Repeat all the lines below exactly, but omit the pictures.

Dataset section:

▬▬▬▬▬▬

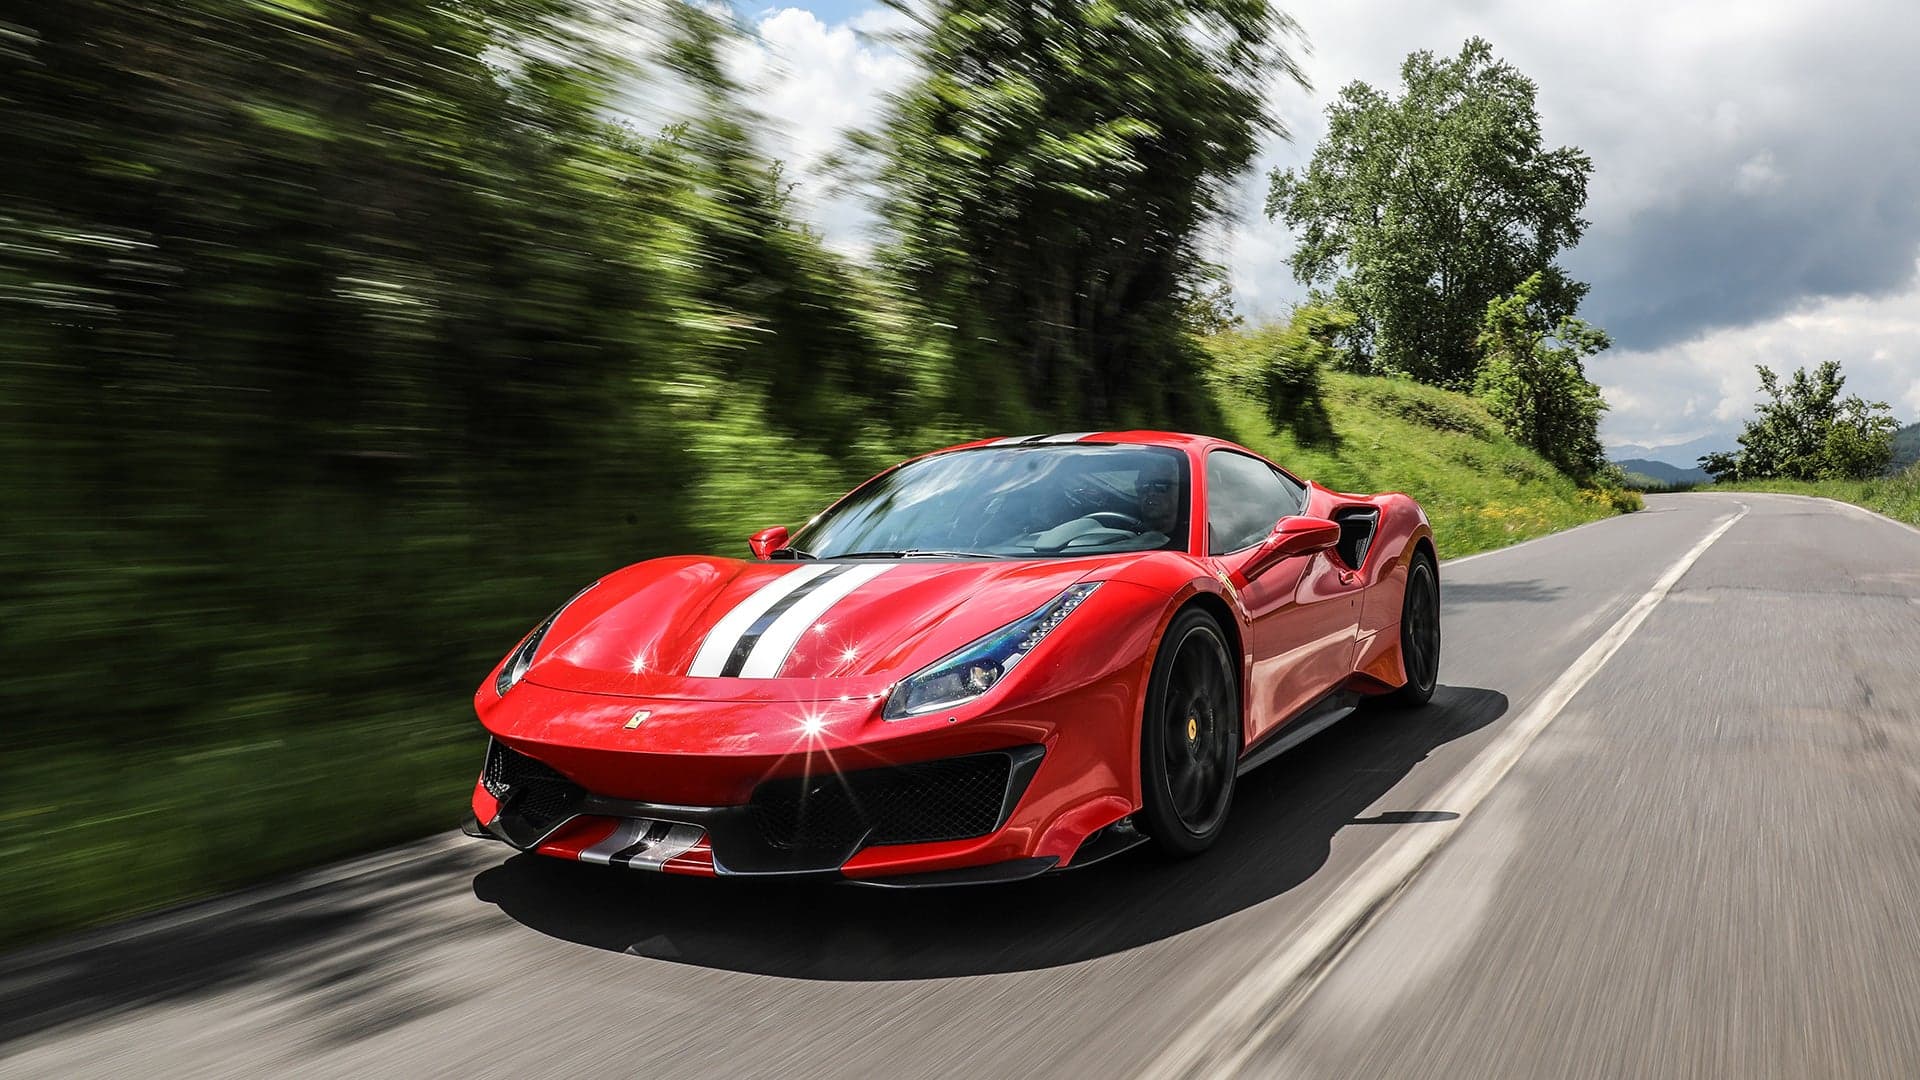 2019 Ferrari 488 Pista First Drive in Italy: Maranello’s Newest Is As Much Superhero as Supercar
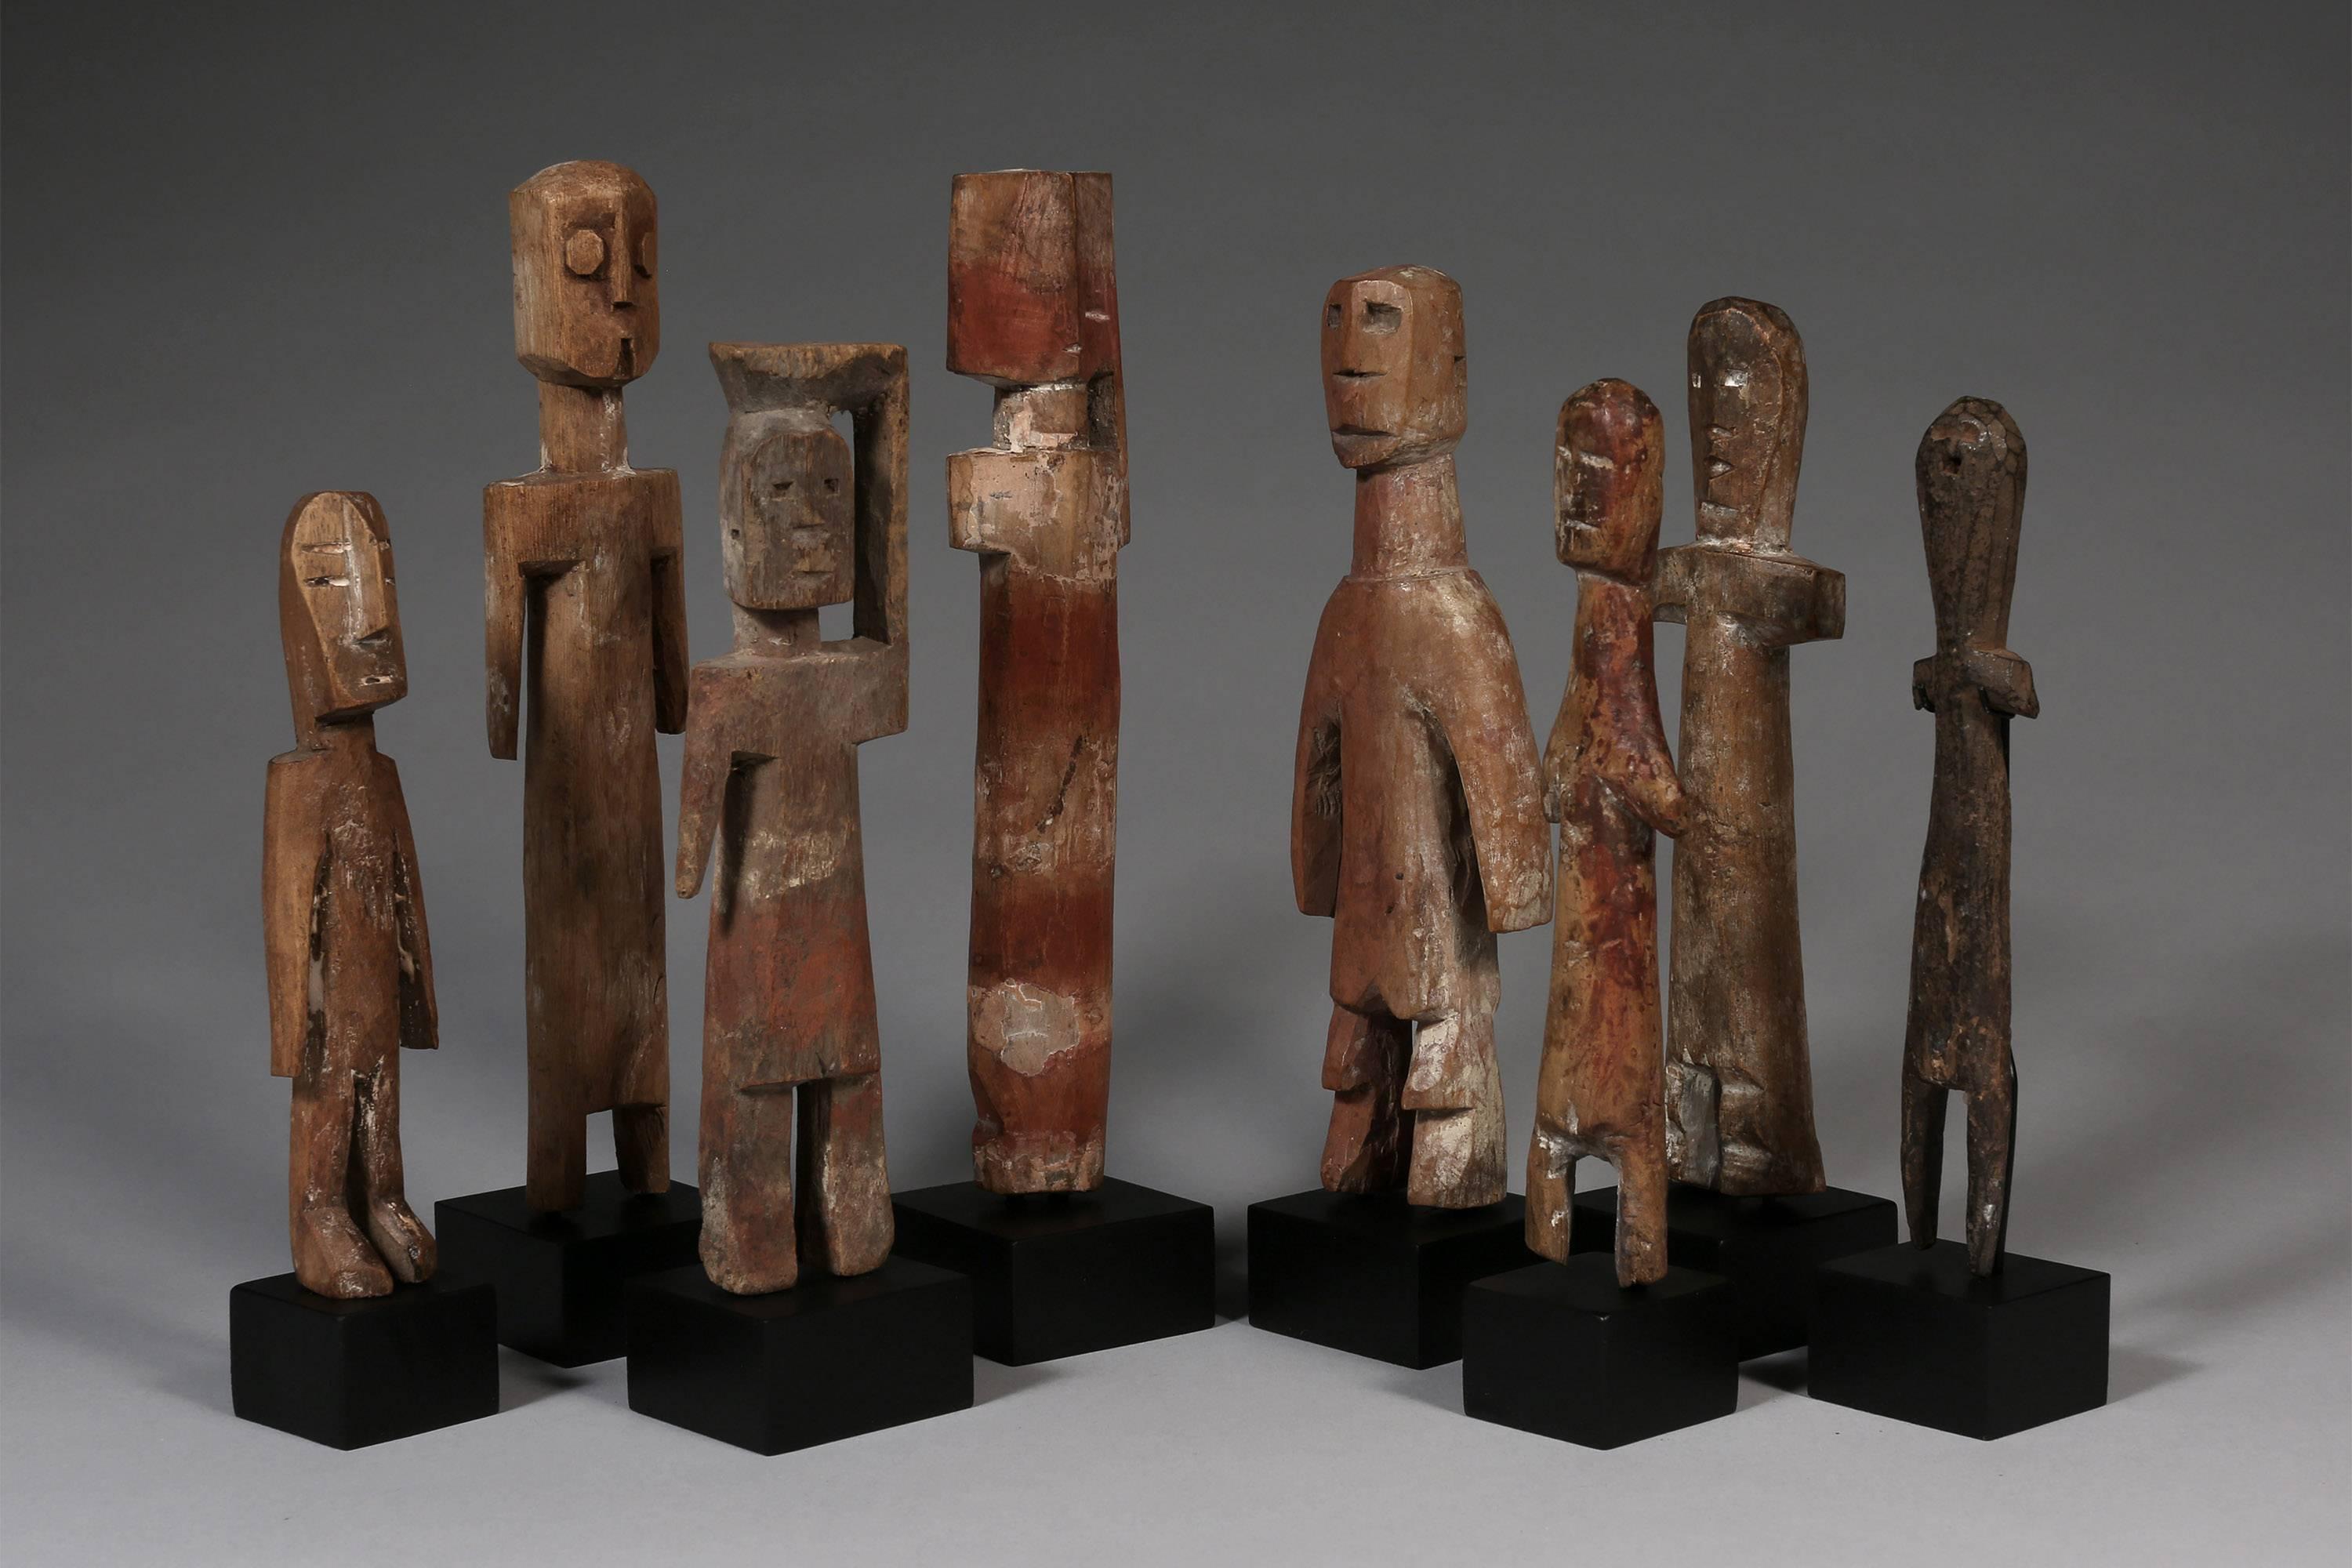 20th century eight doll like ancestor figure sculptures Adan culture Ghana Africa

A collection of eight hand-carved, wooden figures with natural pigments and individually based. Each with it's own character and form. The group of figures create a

▬▬▬▬▬▬

Output below:
 2019 Ferrari 488 Pista First Drive in Italy: Maranello’s Newest Is As Much Superhero as Supercar
 20th century eight doll like ancestor figure sculptures Adan culture Ghana Africa

A collection of eight hand-carved, wooden figures with natural pigments and individually based. Each with it's own character and form. The group of figures create a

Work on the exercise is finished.